CHAPITRE 16.
ILS VONT A ROME POUR LE JUBILÉ DE L'ANNÉE SAINTE ;
ILS RETOURNENT ENSUITE A GAèTE ET DE LÀ REPARTENT POUR ROME :
ILS SONT ORDONNÉS PRÊTRES ET SE FIXENT DANS L'HOSPICE DE SAINT-GALLICAN
POUR SERVIR LES MALADES.
L'année sainte était commencée,
quand Paul partit de Troie avec son frère Jean-Baptiste pour aller à Rome.
Aussi, lors même qu'il n'eût pas eu d'autre motif, sa ferveur et la vivacité de
sa foi l'auraient, seules, déterminé à faire ce pèlerinage, afin de vénérer, en
ce temps, les sanctuaires de Rome, et de gagner le précieux trésor des
indulgences. Arrivés à Rome, les deux frères visitant un jour la basilique des
Saints Apôtres Pierre et Paul, y furent remarqués de monseigneur Crescenzi,
alors chanoine de Saint-Pierre et depuis cardinal de la Sainte Église. Ce prélat
voyant deux jeunes gens si modestes, si recueillis et d'un extérieur si
pénitent, en fut surpris. Une pieuse curiosité l'engagea à leur faire diverses
questions. C'est ce que lui-même rappelait, plusieurs années après, dans une
lettre qu'il écrivait au père Paul. « J'aime à vous rappeler, lui dit-il,
que notre connaissance se fit dans l'église de Saint-Pierre, l'année du jubilé,
1725. J'étais alors chanoine de cette basilique. Vous voyant, vous et votre
frère, vêtus en pauvres pénitents et pieds nus, prier devant la confession des
saints Apôtres, il me vint une telle envie de vous parler et de m'informer de
votre état et de votre vocation, que je vous adressai plusieurs demandes dans
l'église même. C'est ainsi que nous fîmes connaissance. Vous fûtes ensuite
présentés au cardinal Corradini, puis à Benoît XIII, de sainte mémoire, qui vous
ordonna prêtres. L'origine d'un si grand bien fut donc votre visite aux
sanctuaires de Rome dans votre costume de pénitents ».
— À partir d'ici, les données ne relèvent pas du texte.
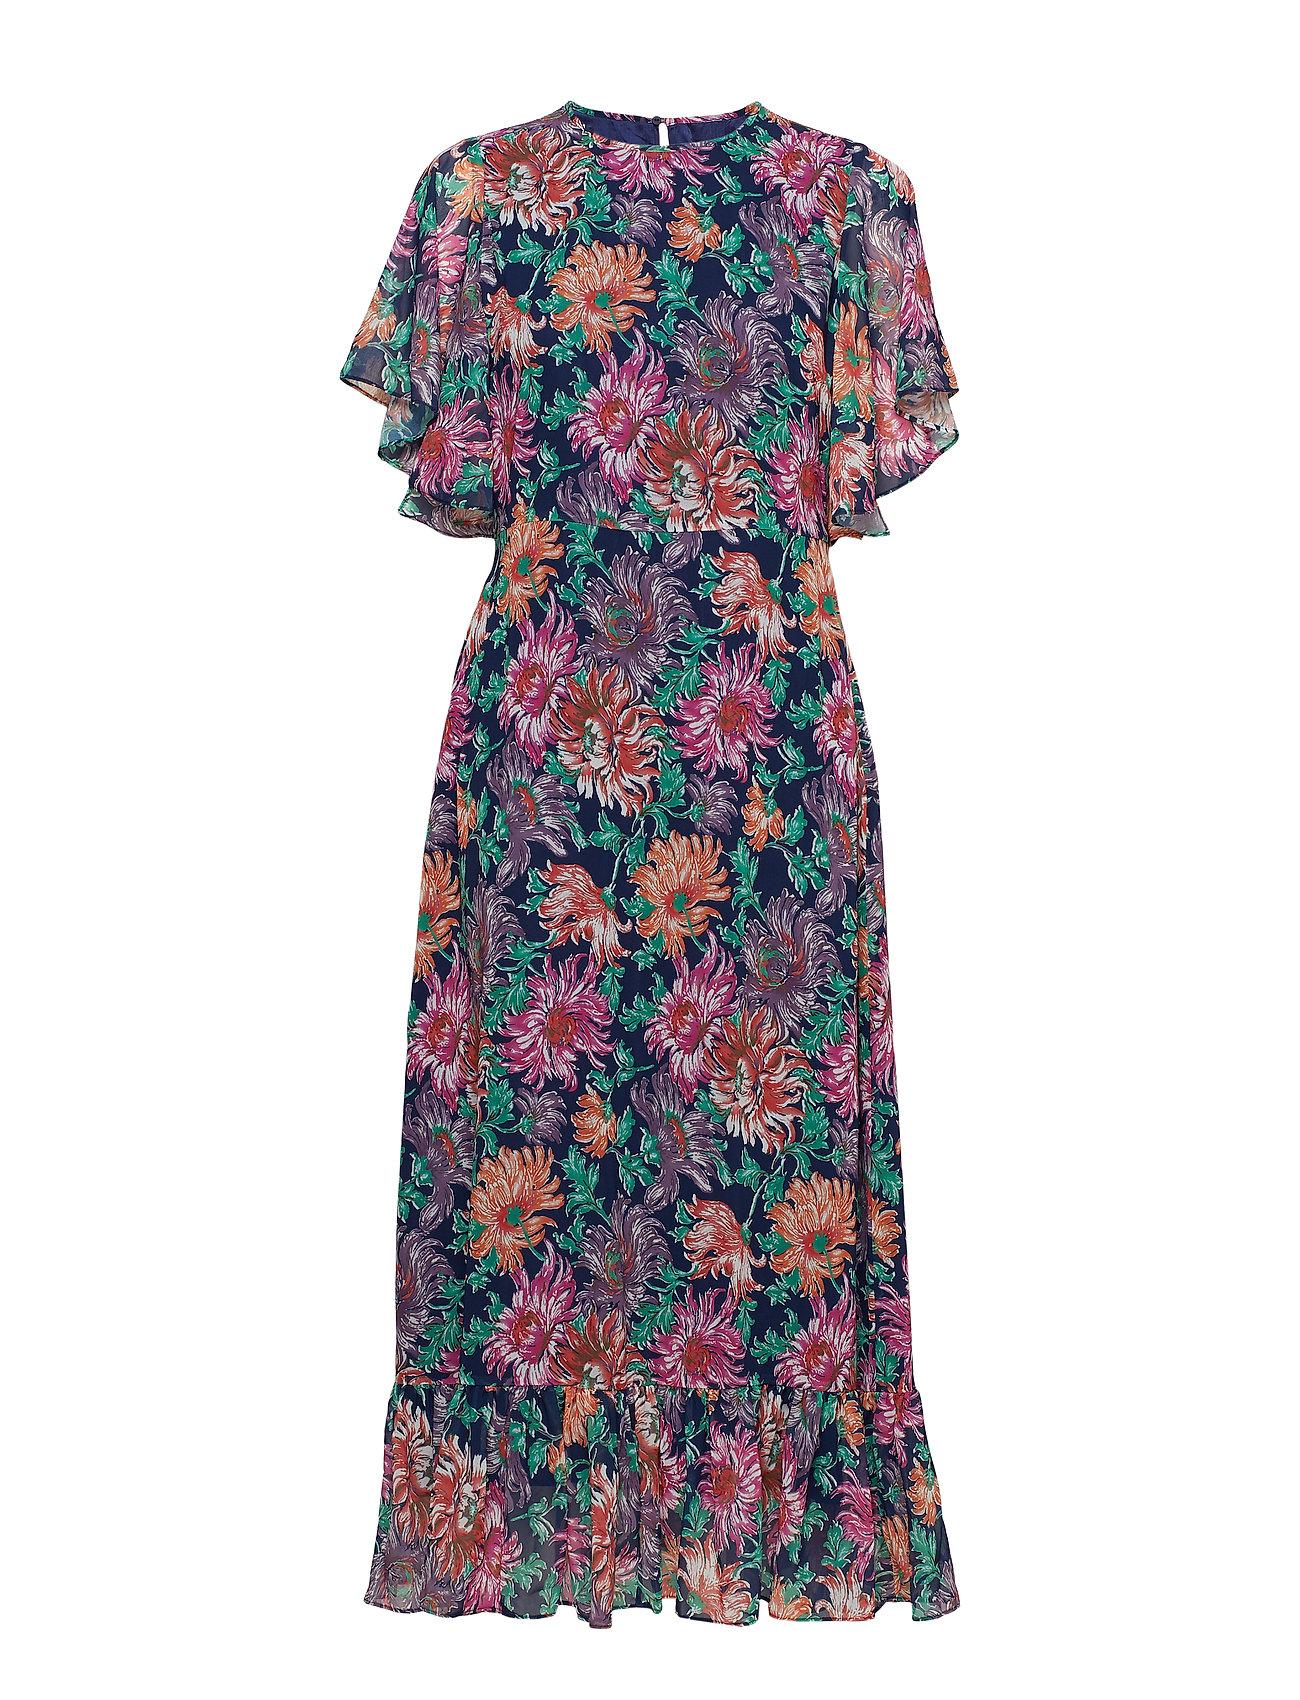 POSTYR POSANA DAY DRESS - PATRIOT BLUE

Dès le premier entretien que ce
prélat, homme d'une piété sincère et d'un grand discernement, eut avec les deux
frères, il commença à concevoir pour eux cette estime et cette affection qu'il
leur témoigna toujours depuis, en favorisant et en protégeant le père Paul en
toute rencontre, ainsi que l'oeuvre de la congrégation. Monseigneur Crescenzi,
comme nous venons de l'entendre de sa bouche, les présenta au cardinal Corradini,
homme d'une droiture inviolable, d'une justice incorruptible et d'une tendre
charité, qu'on aurait pu nommer avec raison le protecteur et le père des
pauvres. Le cardinal reconnut que les deux frères étaient guidés par un
véritable esprit de piété et un sincère désir de servir Dieu. Il est probable
qu'il en parla avec avantage au souverain pontife Benoît XIII. En effet, le pape
étant allé un jour visiter l'église de Sainte Marie in Domnica, vulgairement
appelée la Navicella, Paul et son frère allèrent lui offrir leurs hommages, et
Paul lui ayant demandé l'autorisation de réunir des compagnons et de commencer
le nouvel institut dont il lui exposa brièvement le but, le pape ne fit aucune
difficulté, et lui accorda immédiatement avec bonté, vivae vocis oraculo, tout
ce qu'il désirait. Il posa donc par son autorité le fondement de la pauvre et
humble congrégation.
Après avoir obtenu une grâce si
précieuse et satisfait leur dévotion, les deux frères quittèrent Rome et
retournèrent à Gaète à l'ermitage de la Sainte-Madone-de-la-Chaîne. Monseigneur
Cavalieri l'ayant appris, leur écrivit ces paroles affectueuses : «Oh! Combien
je suis consolé que vous puissiez, avec la bénédiction de Notre Seigneur, vous
réunir en communauté avec ceux qui voudront vous imiter. Je ne suis pas envieux,
mais aernulor Dei aemulatione, « je suis jaloux d'une jalousie divine » de
monseigneur de Gaète, qui vous a dans son diocèse. Toutefois in spem contra spem,
spero, et confido, « j'espère contre toute espérance, et j'ai confiance ».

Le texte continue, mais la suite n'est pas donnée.